Organizations that question fees or use vague language discussing “program costs” are treating money as if it’s going directly into their pockets without serving any meaningful interest for participants or communities. Some programs charge upwards of thousands while providing minimal programmatic assistance with vague accountability for what – if anything – helps applicable communities. The better option? Direct payments given to host families for accommodation/food so money flows directly into community members’ hands.

Working Through Established Organizations

The best approach is working through established organizations who’ve been around for years without issue; some of the Best Volunteer Overseas Organization networks have worked in communities long-term enough to understand the ins-and-outs; they vet both volunteers and placements without question and provide balanced assessments regarding what might realistically be done during certain timeframes.

Further, these organizations have pre-departure training regarding cultural norms, basic language requests and practical expectations to ease individuals into community-centered living; ongoing support exists while in the community when issues arise, especially when projects can succeed after volunteers leave – sustainability separates ethical organizations from those who primarily exist to garner finances from volunteers.

Matching Skills with Community Needs

Ethical programs match volunteer skills sufficiently with actual community needs; medical professionals are in medical settings because their degree grants accessibility; engineers can work on infrastructure issues because their skills matches natural expectations; qualified teachers are always qualified teachers because they’re trained in areas where communities would appreciate support.

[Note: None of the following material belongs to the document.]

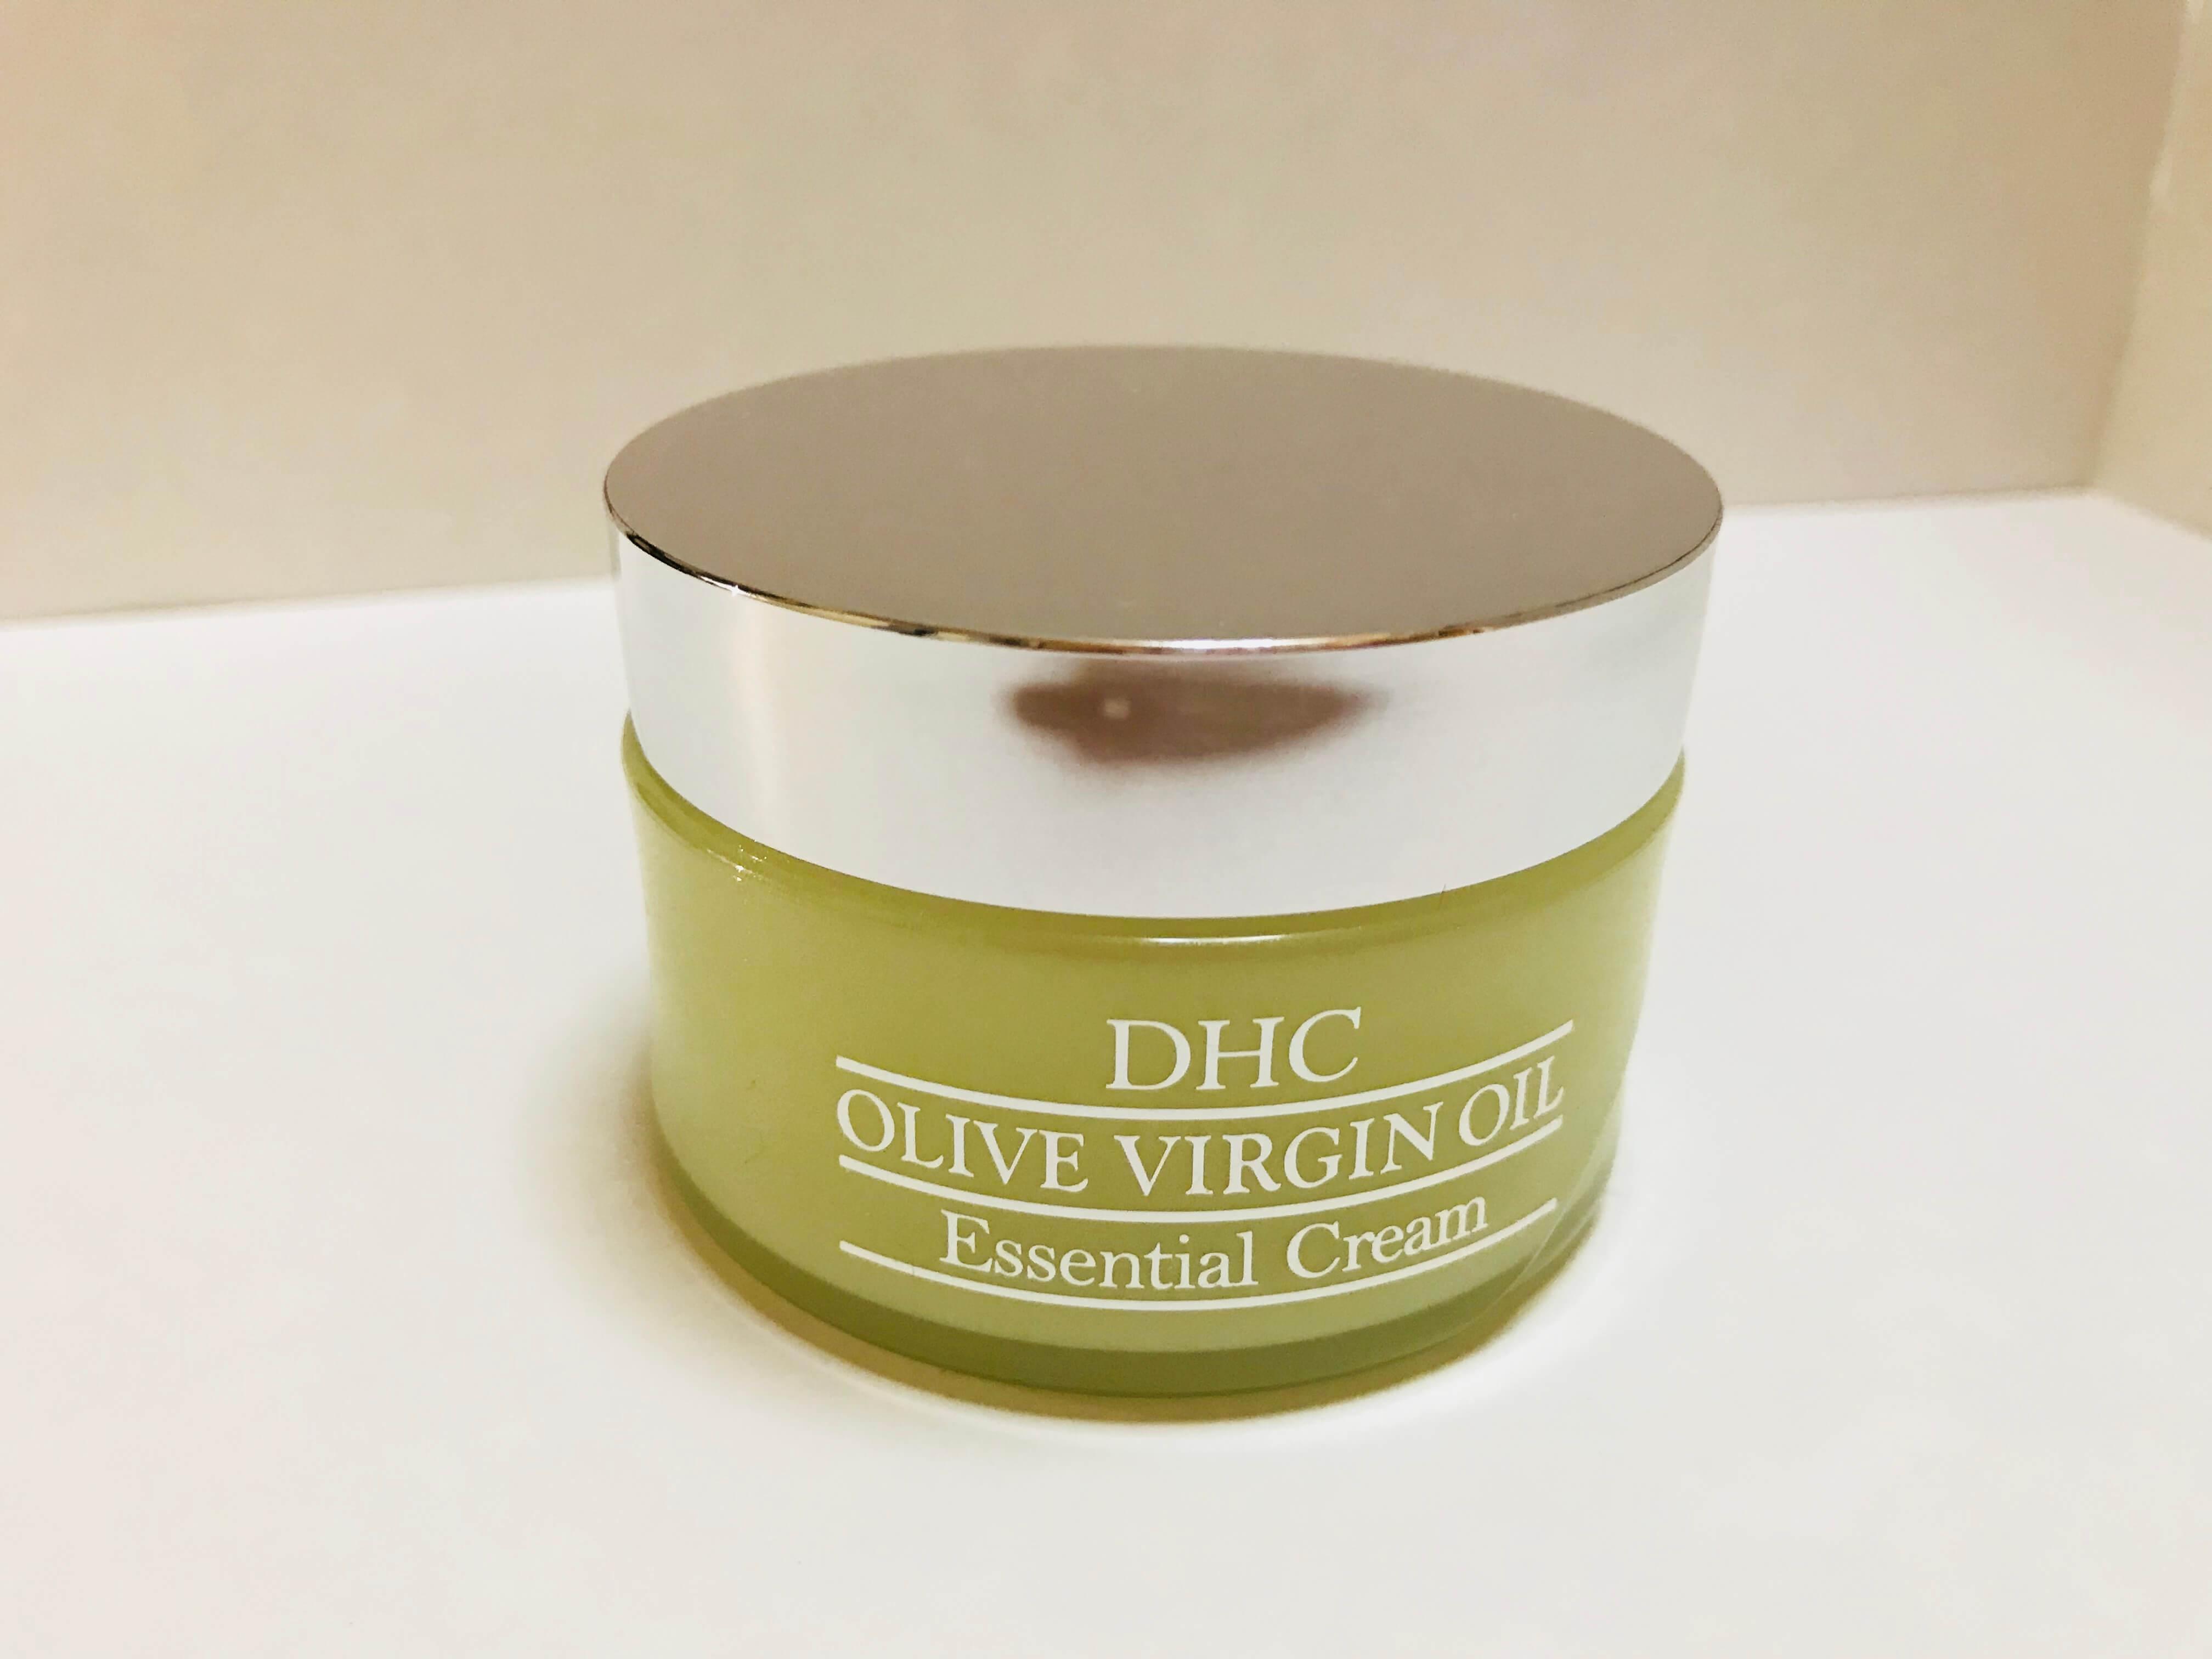 【レビューするよ!】DHC オリーブバージンオイル エッセンシャル クリーム
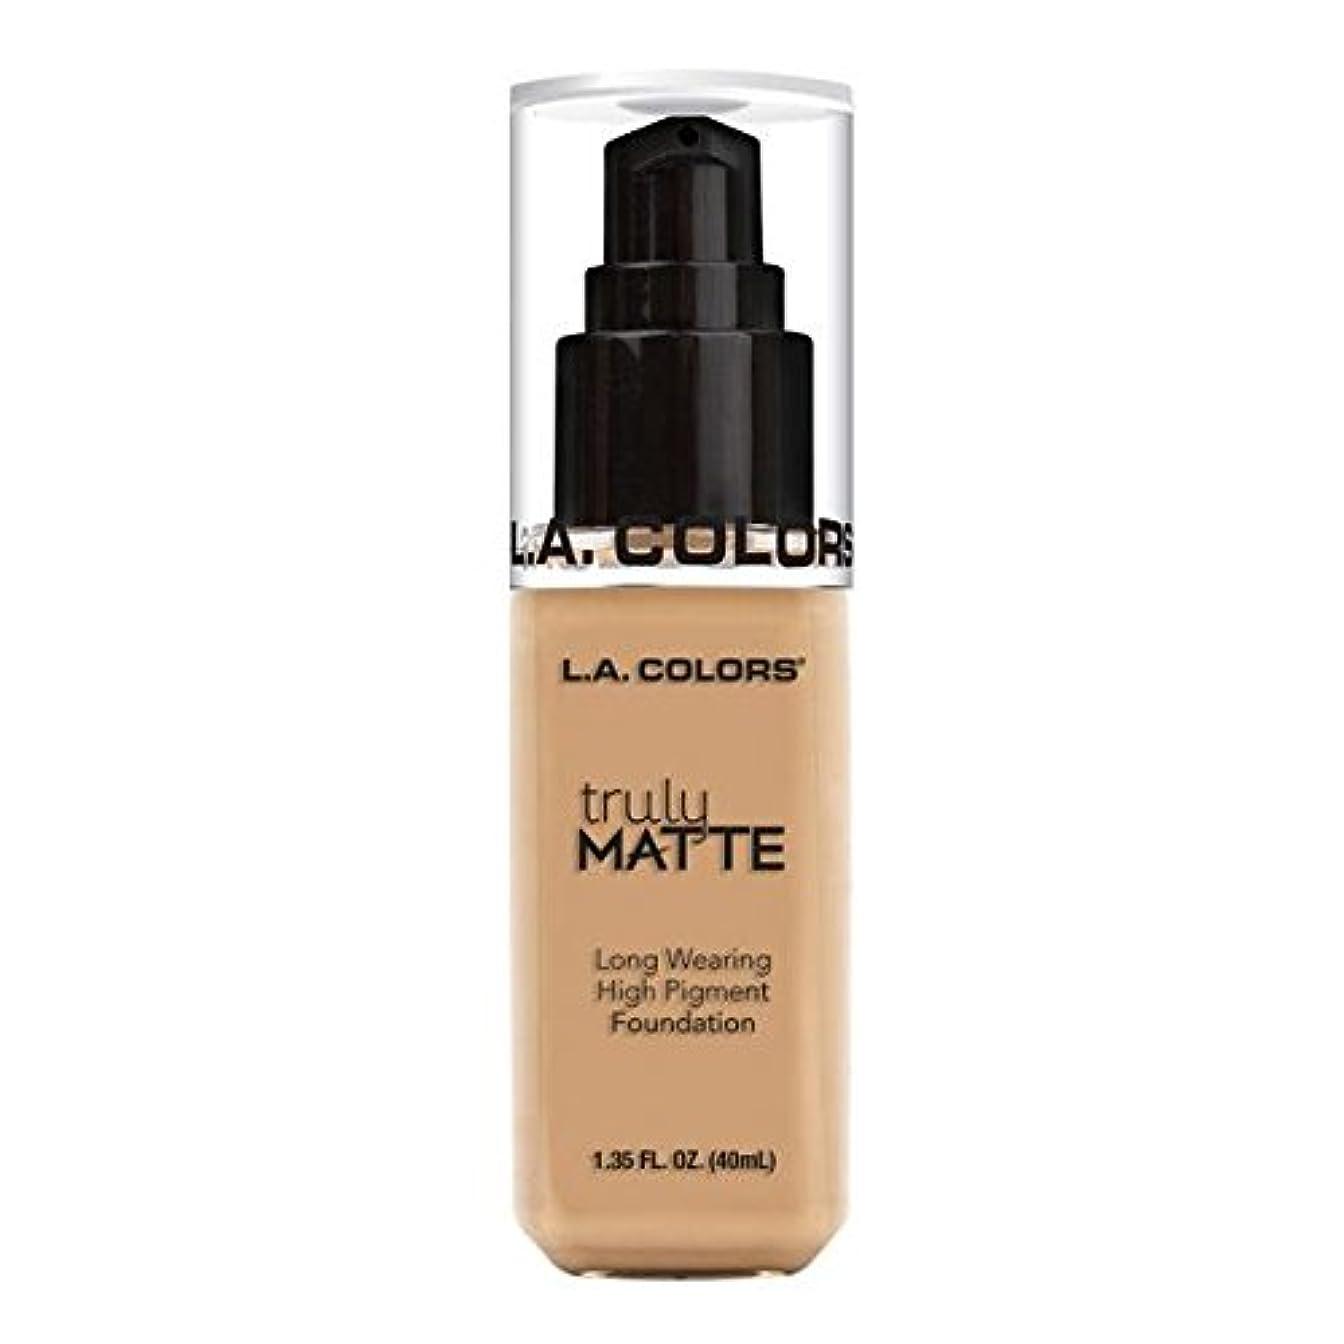 スキーム喉が渇いたタイプ(6 Pack) L.A. COLORS Truly Matte Foundation - Natural (並行輸入品)

Certain unskilled volunteers can contribute in certain areas – conservation-driven work that requires manual labor or manual efforts or administrative support for other established programs.

Problematic placements put volunteers in positions requiring skills they do not possess; medical care without degrees, teaching without certification, construction without proper background checks and qualifications – all serve the volunteers personally so they can feel like they’ve done a good job instead of helping communities effectively instead of assessed by whom through which programming.

Timelines That Make Sense

The most ethical programs instill minimum time requirements based on what makes sense; conservation programs that accept two-week commitments do so because manual labor can at least be completed in another area; teaching or health-related positions require months since understanding context takes time while building relationships may take longer than initially expected.

Programs that will accept anyone regardless of role due to time availability are playing fast and loose with volunteer access to establish ease for money-making purposes instead of humanitarian ventures. Communities need individuals who will stay long enough to make a genuine impact.

Making Ethical Choices

When volunteerism is appropriate, due diligence needs implementation through research; question marketing claims, demand financial transparency, check out organizational credibility and be willing to walk away from any program that shows potential red flags to protect both volunteers – and more importantly – communities.